• Problem to solve: Return the whole listing exactly, omitting the pictures.

• Recorded data:
***
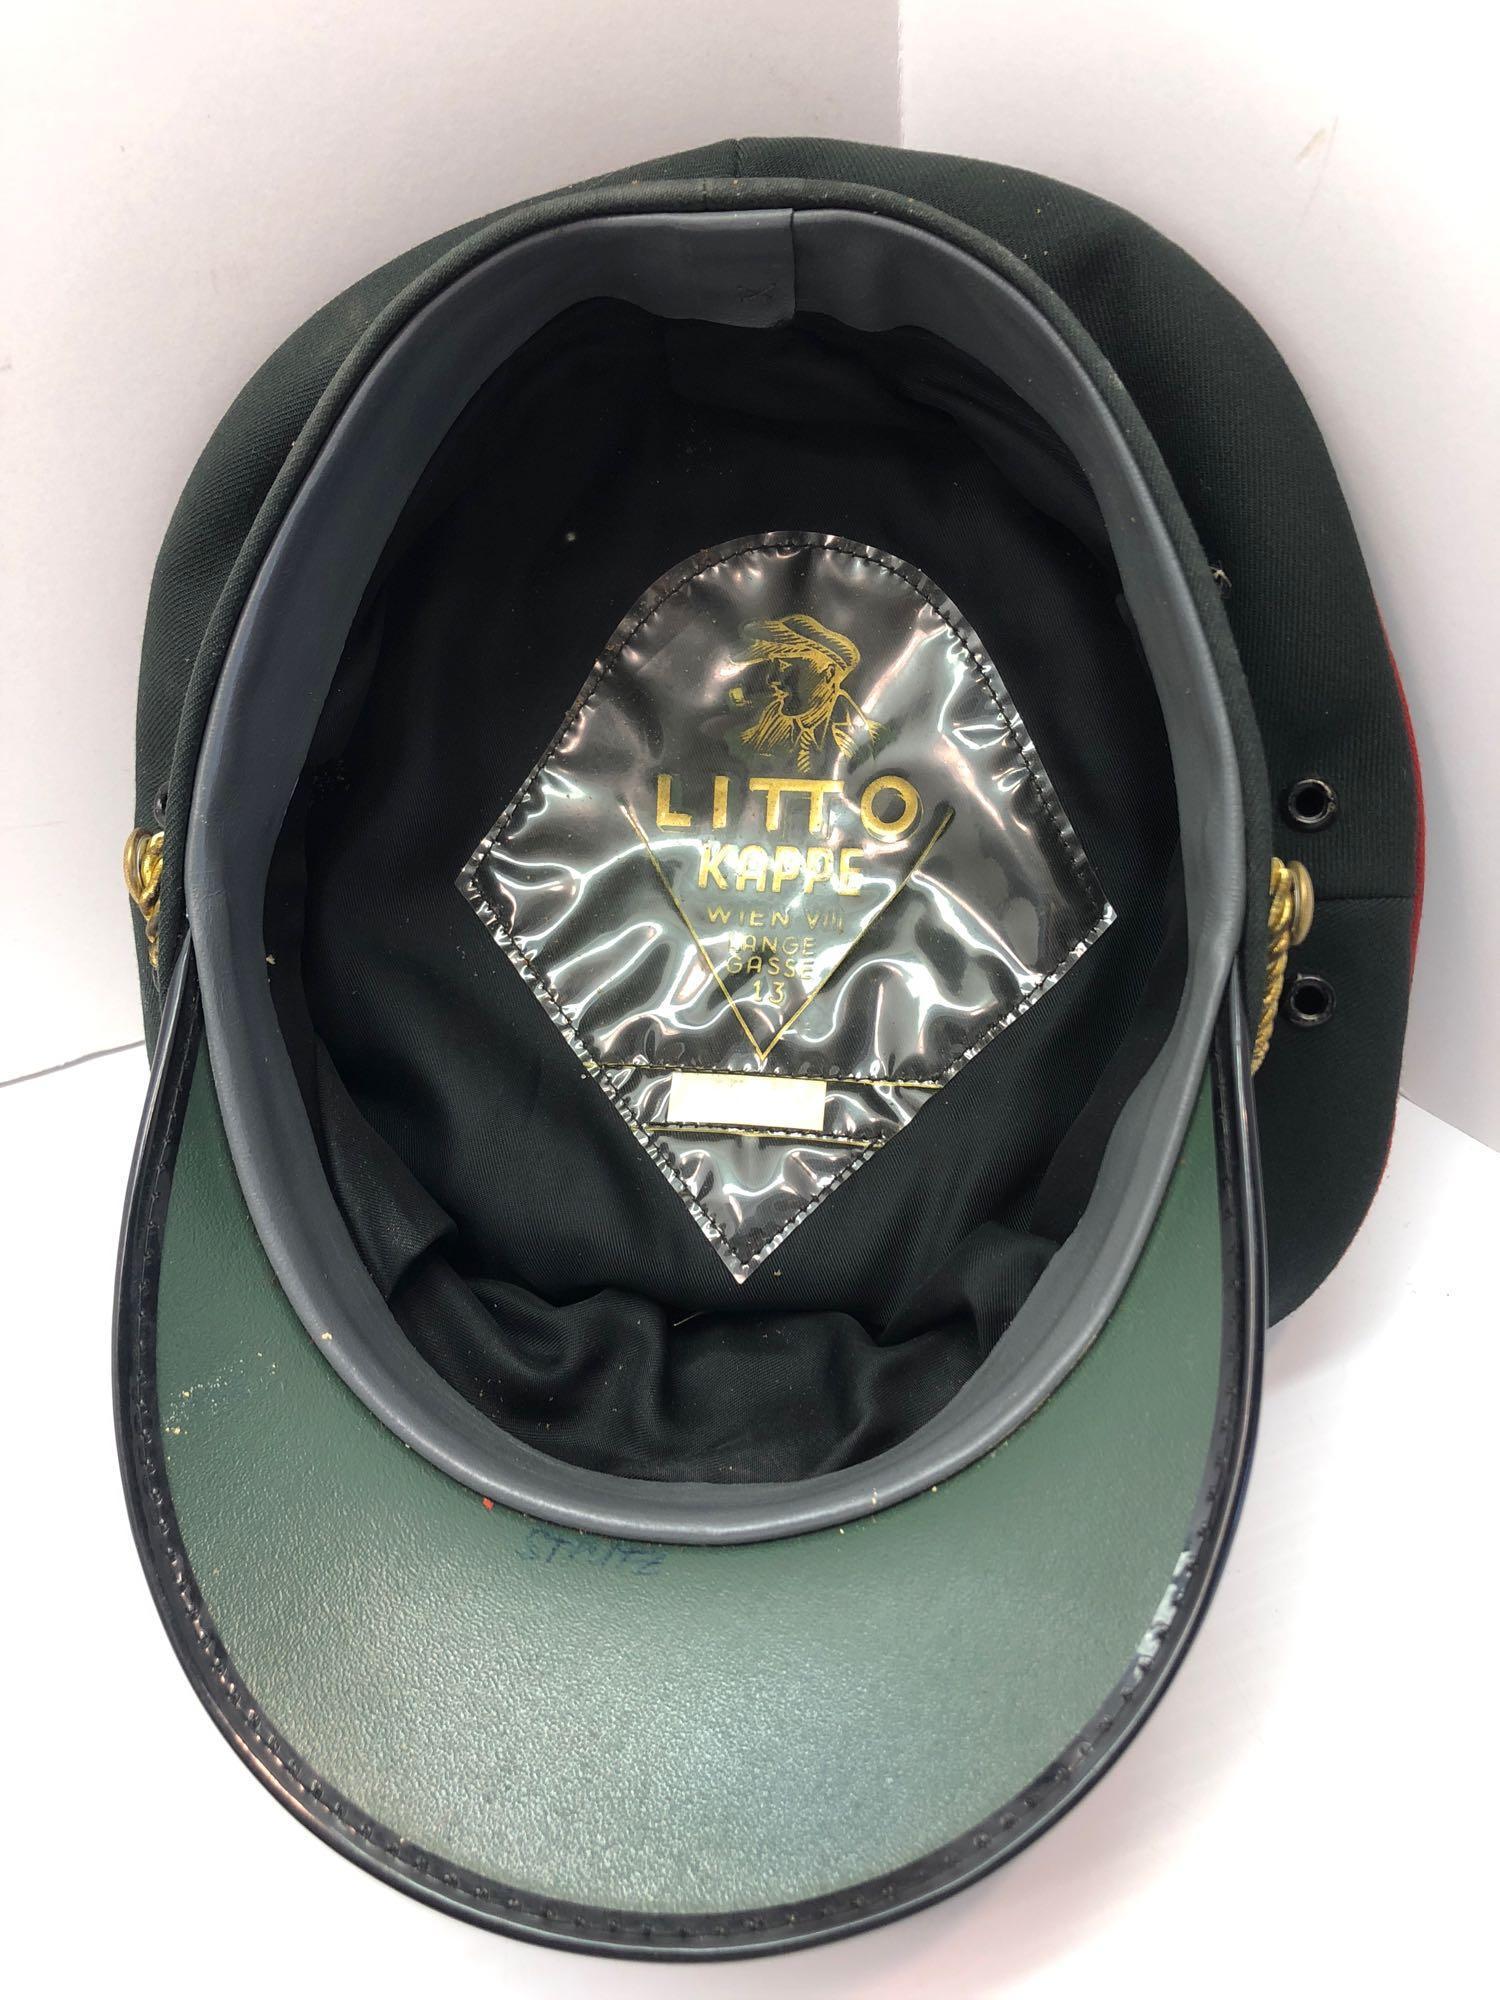 Vintage AUSTRIAN POLICE visor hat/metal insignia and gold braid
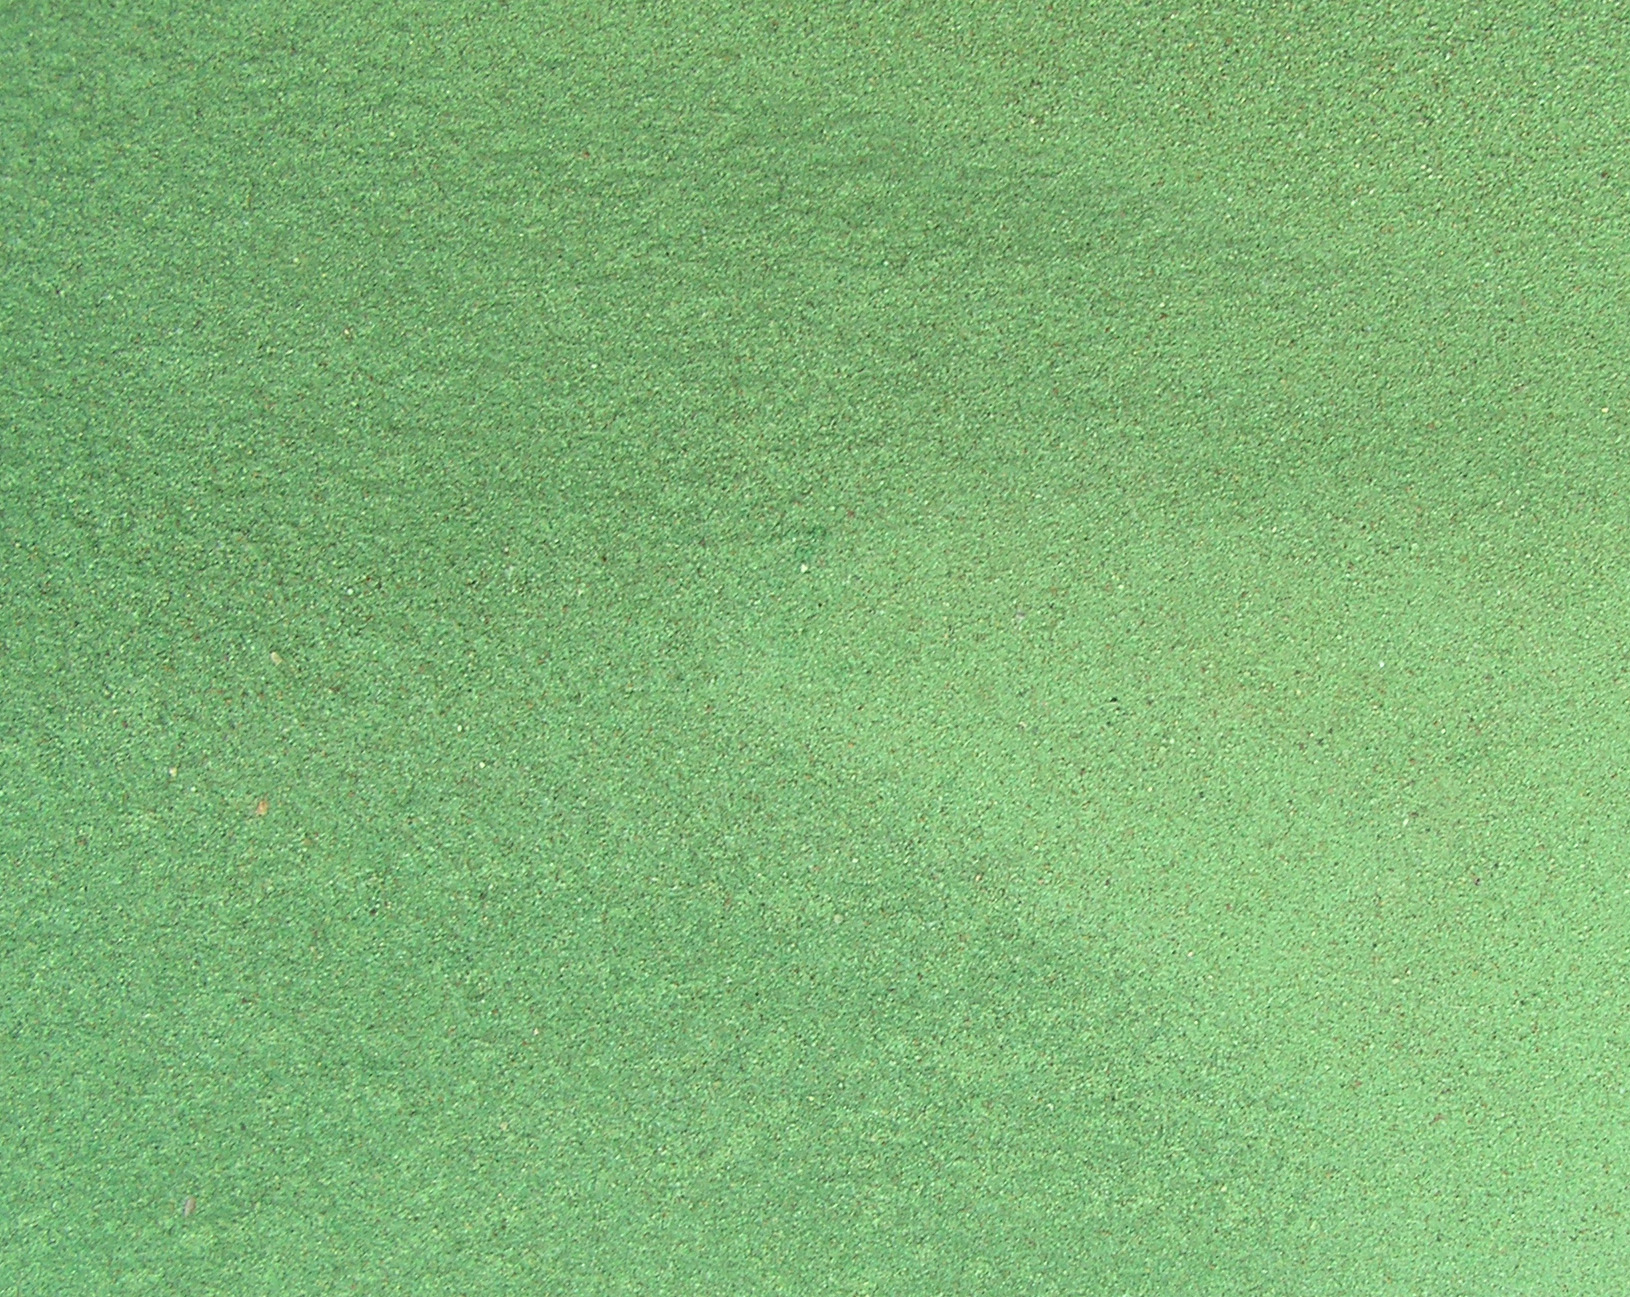 Masquerade Green Topdressing Sand
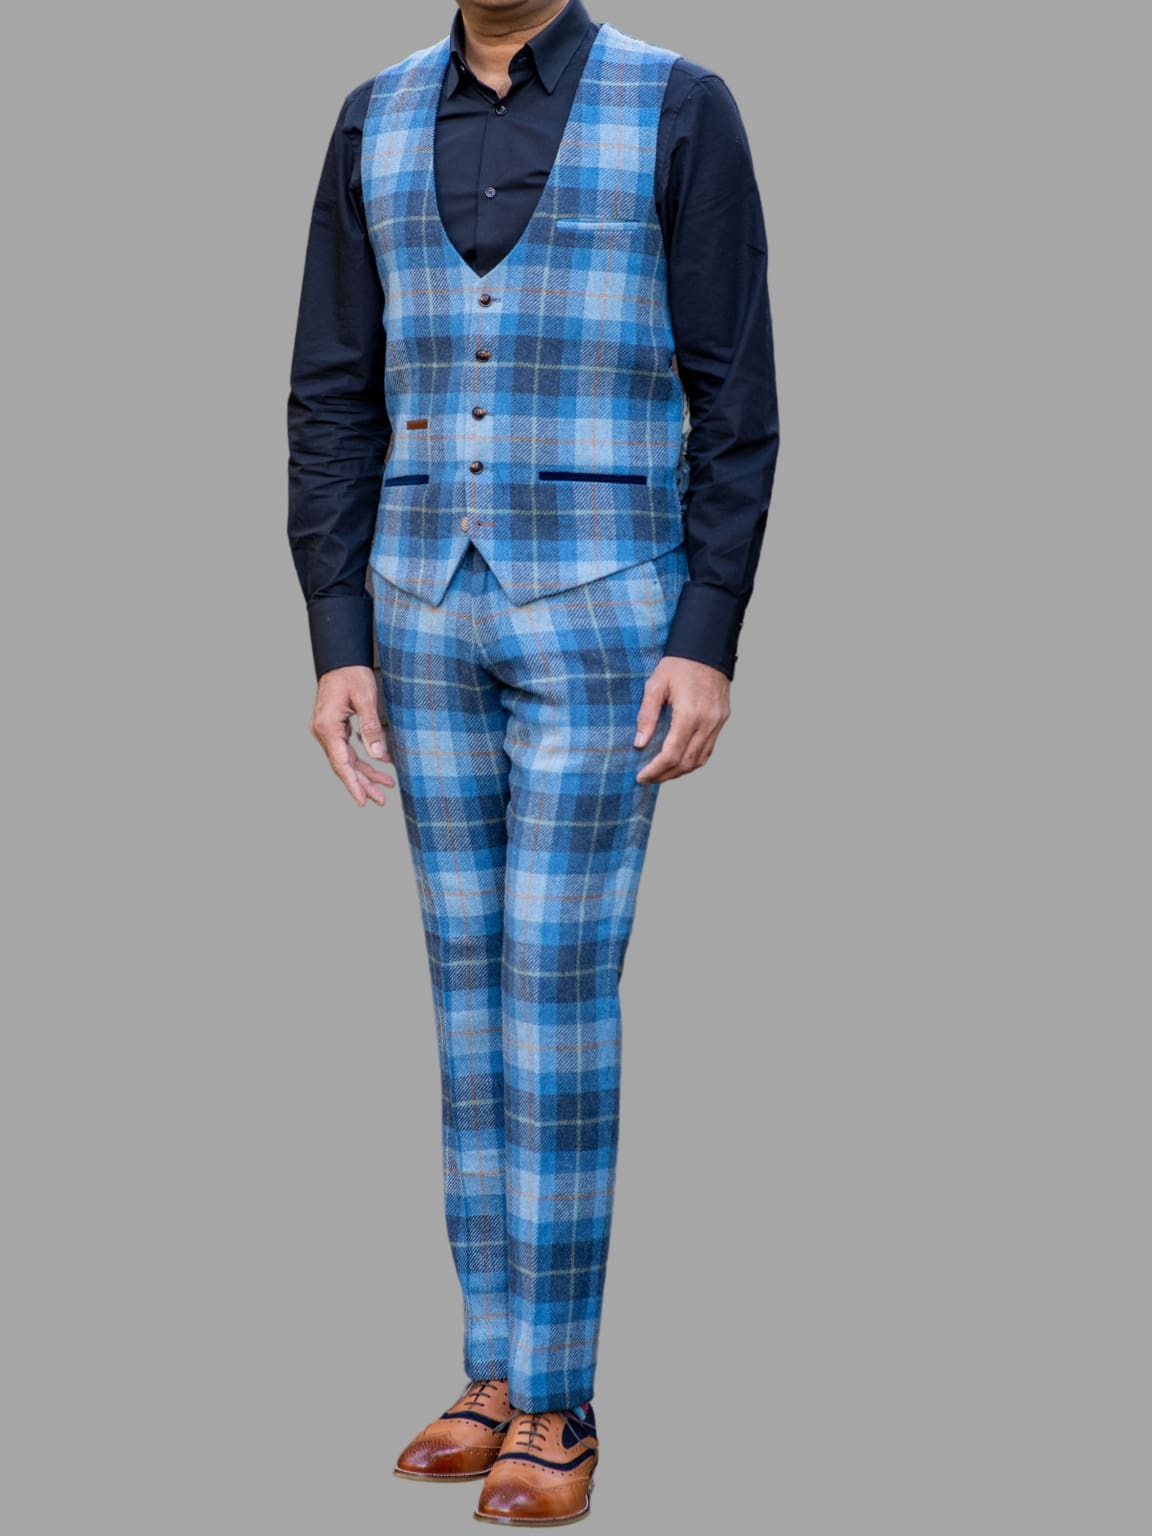 Reece Suit DB Waistcoat Blue Check
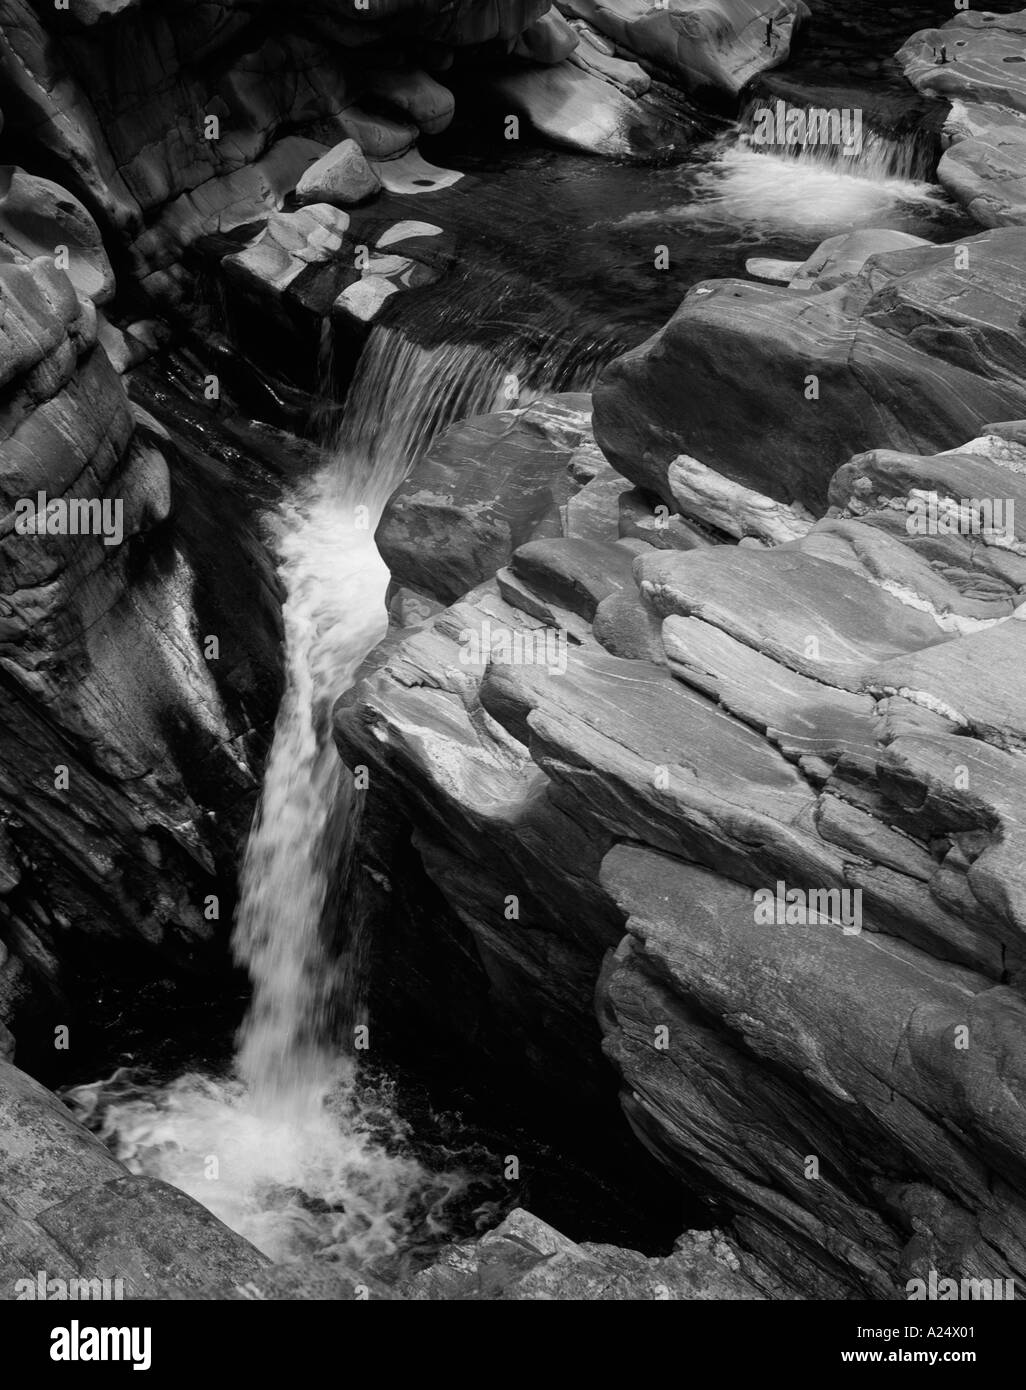 Waterfall, winding river between steep eroded rocks Stock Photo
***
• Solution below:
 Vintage AUSTRIAN POLICE visor hat/metal insignia and gold braid
 Masquerade Green Topdressing Sand
 Reece Suit DB Waistcoat Blue Check
 Waterfall, winding river between steep eroded rocks Stock Photo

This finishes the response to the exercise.